Porque una cosa es proteger el pequeño bosque y otra es cuidarse de males que
no sabemos quién produce y quién alimenta.
Al
parecer, ya nada depende de los pequeños lugares y ya nada depende de los
individuos. Kafka lo supo: el emperador está demasiado lejos y su carta no
llegará jamás al hombre común.
Y
si antes los alimentos eran las medicinas, ahora los alimentos nos enferman y
las medicinas nos enferman todavía más. Podría llegar el día en que la vida y
la enfermedad sean la misma cosa.
Es
verdad que nunca supimos tanto del mundo, pero nunca estuvo el mundo más en
peligro. Antes podían decir que era alarmismo, y se tranquilizaban no mirando
la realidad sino las estadísticas. Ahí estaban los titulares de los medios para
ofrecer un panorama tranquilizador. Ahora los titulares son alarmantes y las
estadísticas son escalofriantes.
Hasta
las noticias aparentemente bellas tienen un hemisferio oscuro. Si nos dicen que
están floreciendo los cerezos en invierno, si nos dicen que hay bellísimos
témpanos de hielo derivando hacia el sur, si nos dicen que hay garzas en las
ciudades, si nos dicen que ya los ruiseñores cantan de día. Ahora de noche en
París en verano vuelan graznando los cuervos. ¿Cómo pintar un cuadro romántico
en México o en Pekín, si la gente anda con mascarillas entre el smog? Este ya
no es el mundo de Leonardo, sino el mundo de Banksy.
La
edad del optimismo nos vendió la ilusión de que un montón de males habían
quedado atrás. Los éxodos, las guerras, las torturas, los déspotas ignorantes y
prepotentes eran cosa del pasado. Atrás habíamos dejado a Calígula, atrás
habíamos dejado las diásporas, el racismo de los Reyes Católicos, los potros de
la Santa Inquisición.
Y
nos acostumbramos a encontrar una explicación local para los males que
inventaba el presente. Pero tal vez es Borges el que tiene razón, tal vez el
tiempo es cíclico, y tal vez “en edades futuras”, “cuando Roma sea polvo,
gemirá en la infinita noche de su palacio fétido el Minotauro”. Tal vez todavía
nos espera todo lo que ya hemos vivido. Tal vez sólo hemos vivido el prólogo, y
apenas está a punto de ocurrir la historia universal.
Para
nadie sería grata la posibilidad de que Hitler o Stalin estén agazapados en el
porvenir. Pero es que el futuro es algo que tenemos que merecer por nuestros
actos, no algo que debamos abandonar a las inercias de la historia.
Si
algo nos está diciendo el presente, es que la humanidad nunca alcanzó sus
grandes conquistas para siempre, que cada generación tiene que defender lo que
hicieron sus padres, que se requiere solidaridad entre las generaciones humanas
y que vivimos en una edad ingrata y estúpida donde no valoramos los esfuerzos
del pasado, sus grandes gestas y sus grandes sueños, y estamos embelesados de
maquinitas y de espectáculos mientras el milagro de la civilización, de las
civilizaciones, es despreciado y arrojado como un fardo inútil.

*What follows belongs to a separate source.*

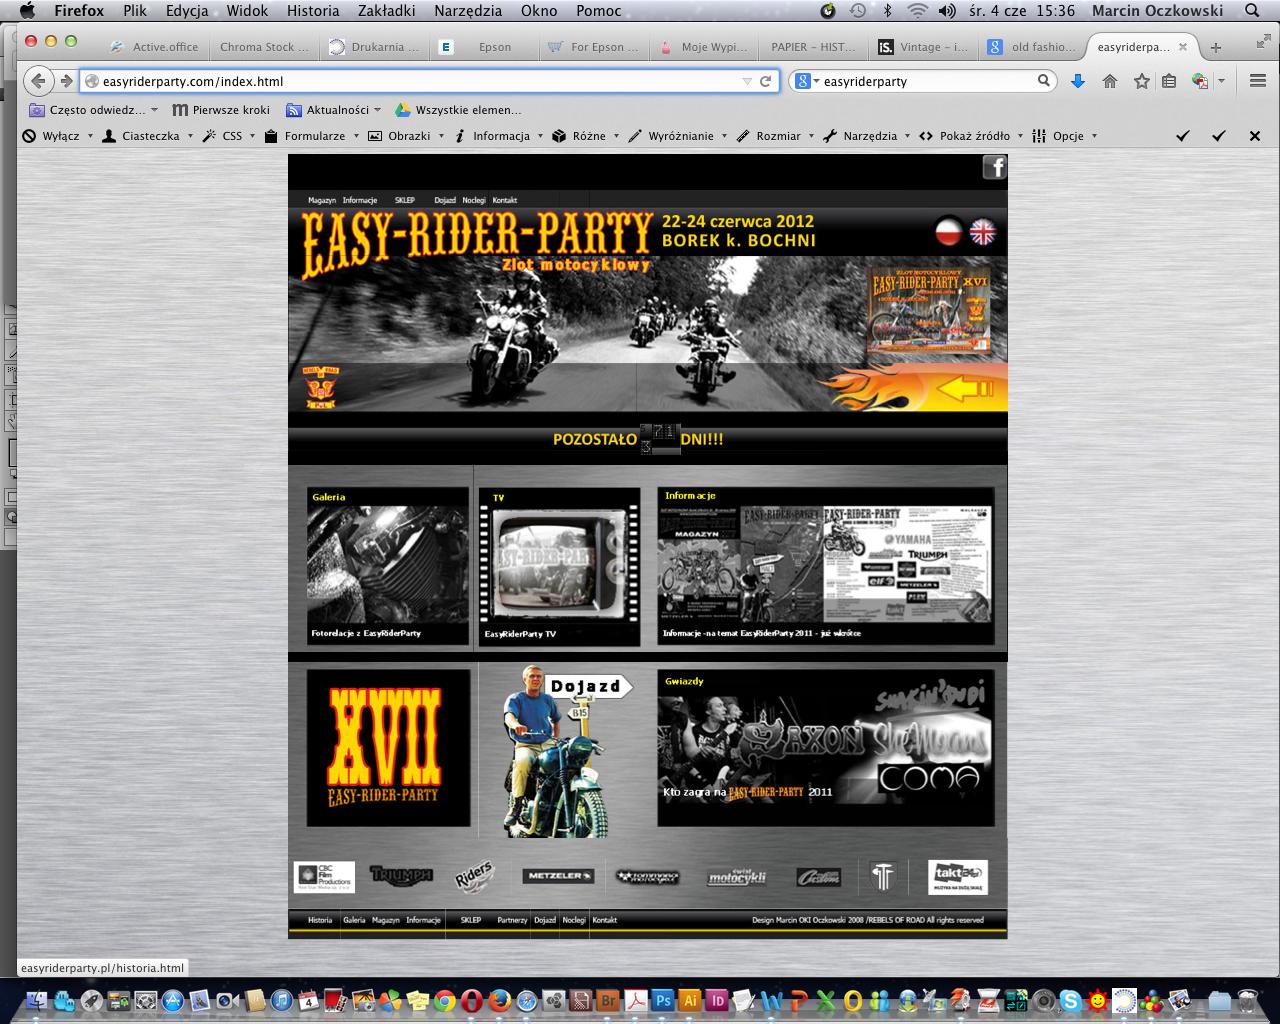 Zrzut ekranu 2014-06-4 o 15.36.00

Una humanidad
incapaz de aprender de su historia la repetirá miles de veces; en ausencia de
los dioses reinan los fantasmas.
¿Qué
pasa con esos miles y miles de africanos que se lanzan en sus pateras suicidas
a buscar el sueño de la Europa del bienestar y de los Derechos Humanos? ¿Esos
que se arriesgan a convertir el Mediterráneo en un cementerio y que están
conservatizando a Europa? ¿Qué pasa con esos cientos de miles de venezolanos
que están haciendo entre incontables penalidades el viaje a pie por las naciones
vecinas? ¿Y qué significan esos miles de centroamericanos que avanzan a pie
hacia las ciudades del sueño americano? ¿Tendrán sólo una explicación local
estas cosas, o serán las crecientes señales de un mundo que ya no es patria
para sus hijos, de una época que produce opulencia para unos pocos y miseria
para millones y millones?
Creímos
que estábamos en la época de los transbordadores espaciales y de los trenes de
altísima velocidad, pero las muchedumbres que huyen viajan a pie. Creímos que
íbamos entrando en el Apocalipsis, pero apenas estamos llegando al Éxodo.